LINCOLN SQUARE — Karina Rivera was a straight-A student at Waters Elementary when her family moved, hoping to make her commute to Lane Tech shorter.
Rivera's older brother attended Lane, and with her good grades, she thought she'd be a shoo-in.
"I didn't get in," she said. "I felt like I let my family down."
Rivera's story is a familiar one across the city, where thousands of kids try for a small number of spots at selective-enrollement schools. A trio of aldermen hopes to change that.
Alds. Pat O'Connor (40th), Ameya Pawar (47th) and Tom Tunney (44th) are knocking down the boundaries between their wards to build a K-12 school system across their North Side neighborhoods, with Amundsen and Lake View high schools as the focal points of their efforts.
The aldermen announced their plan Saturday at Amundsen, 5110 N. Damen Ave., speaking to a packed crowd of parents representing more than a dozen area public and parochial grammar schools.
The initiative, Grow-Community, is an expansion of Pawar's Grow 47, which he established shortly after taking office in 2011. The goal: Strengthen neighborhood schools in order to attract and keep families in the ward by removing the stress of applying to selective enrollment and magnet schools.

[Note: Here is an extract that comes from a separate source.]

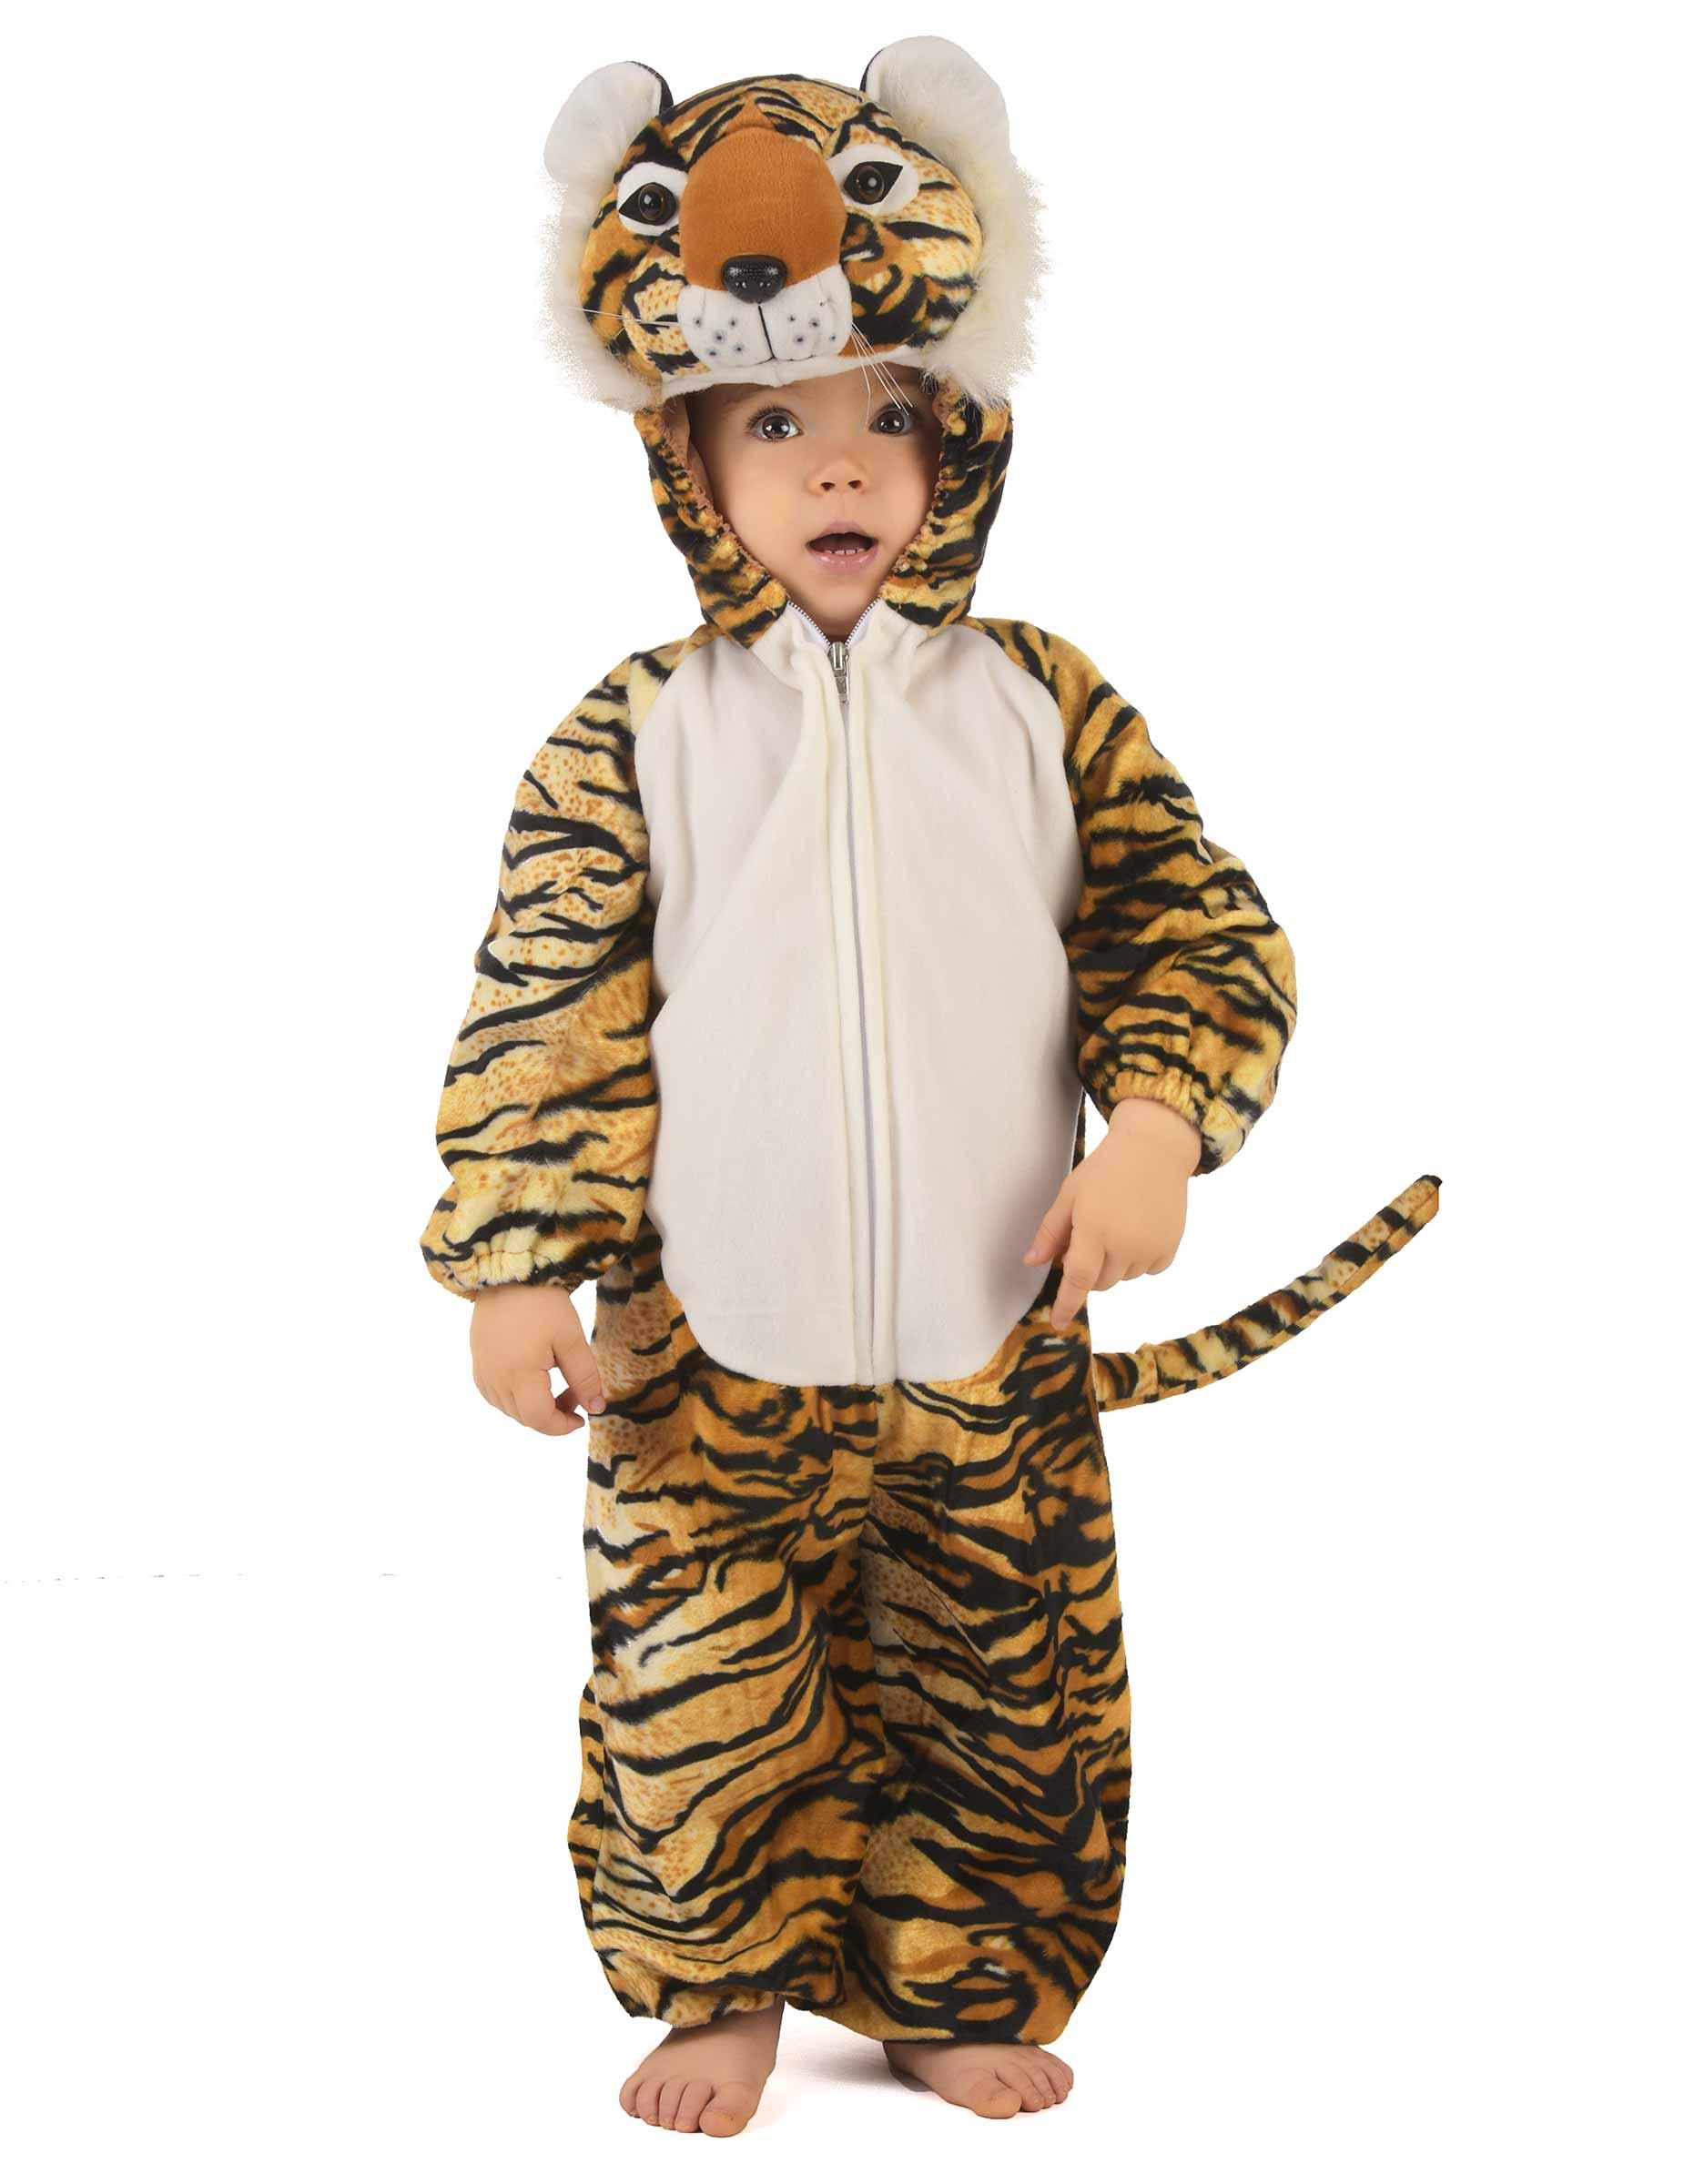 13c81a6d6a65 Vestiti di carnevale da animali per bambini - Vegaoo.it

"What I didn't realize when we started Grow 47 was how feeder [elementary] schools were split between high schools," Pawar said.
Grade schools in both the 47th and 40th wards send students to Amundsen, which was re-mapped into O'Connor's ward, and Lake View's attendance boundaries spread across the 47th and 44th wards.
"It's about maximizing our buying power ... and saying this is good for our community not respecting ward boundaries," O'Connor said of teaming up with Pawar and Tunney.
Their combined efforts will include prioritizing Amundsen and Lake View as the recipients of Tax Increment Financing funds for capital improvements; lobbying the Board of Education and the mayor for resources and curriculum programs; and linking schools' "Friends of" groups across wards.
The aldermen are also exploring the creation of an "impact fee" on new development similar to the one that generates funds for Open Space, which pays for park improvements and the creation of public spaces.
"We need to start changing the dialogue about high school. We've created this idea that only certain high schools are worth attending," said Pawar, referring to the city's selective enrollment high schools. "It doesn't make sense ... to make kids feel like they've failed in the eighth grade."
Rivera, who spoke at the Saturday event, is now a 16-year-old sophomore at Amundsen, which wasn't on her radar when she applied for Lane Tech.
She ultimately enrolled and earned a spot in the school's International Baccalaureate program.
"Now my mom says, 'My baby's a Viking,'" she said.
"This is not an indictment of selective enrollment schools. But families look at them as all or nothing and they're not," O'Connor said. "What we wanted to create was additional options."
The key, everyone agreed, is getting elementary students and their parents inside Amundsen and Lake View for a first-hand look at the schools rather than relying on what O'Connor referred to as "folklore."
"My ears are open, my arms are open, the doors of the school are open," said Lake View principal Scott Grens. "Come on in."
The collective power of the three aldermanic offices isn't enough to manufacture the sort of school system most suburban families enjoy, Pawar said.
"You need to match our political will with community support," Pawar told those gathered at Amundsen. "That's what it's going to take — without you it isn't going to happen."
Top-rated elementary schools like Bell, Coonley, Blaine and Nettlehorst weren't great until parents made them so, he said.
"It's the same thing with the high schools," said Pawar.
Anna Pavichevich, Amundsen principal, thanked the aldermen for "having the fortitude to step forward and say, 'This is right.'"
"At this point," she added, "it's all about everybody holding hands and jumping into the pool together."
Wendy Vasquez is one parent willing to make that leap.
"I have a seventh-grade daughter," which she called a "great conversation starter" at social gatherings.
"Everyone wants to talk about the stress of seventh grade," said Vasquez.
Given the uncertainty of the selective enrollment process, Vasquez began taking a closer look at Amundsen a year ago.
"It feels a lot like the small town high school I went to in all the best ways," said Vasquez, who eventually joined the board of Friends of Amundsen.
Amundsen is now tied for her daughter's top choice of school, said Vasquez.
"Not her back-up," she emphasized. "Top choice. She'll be well cared for. We're not stressed at our house anymore."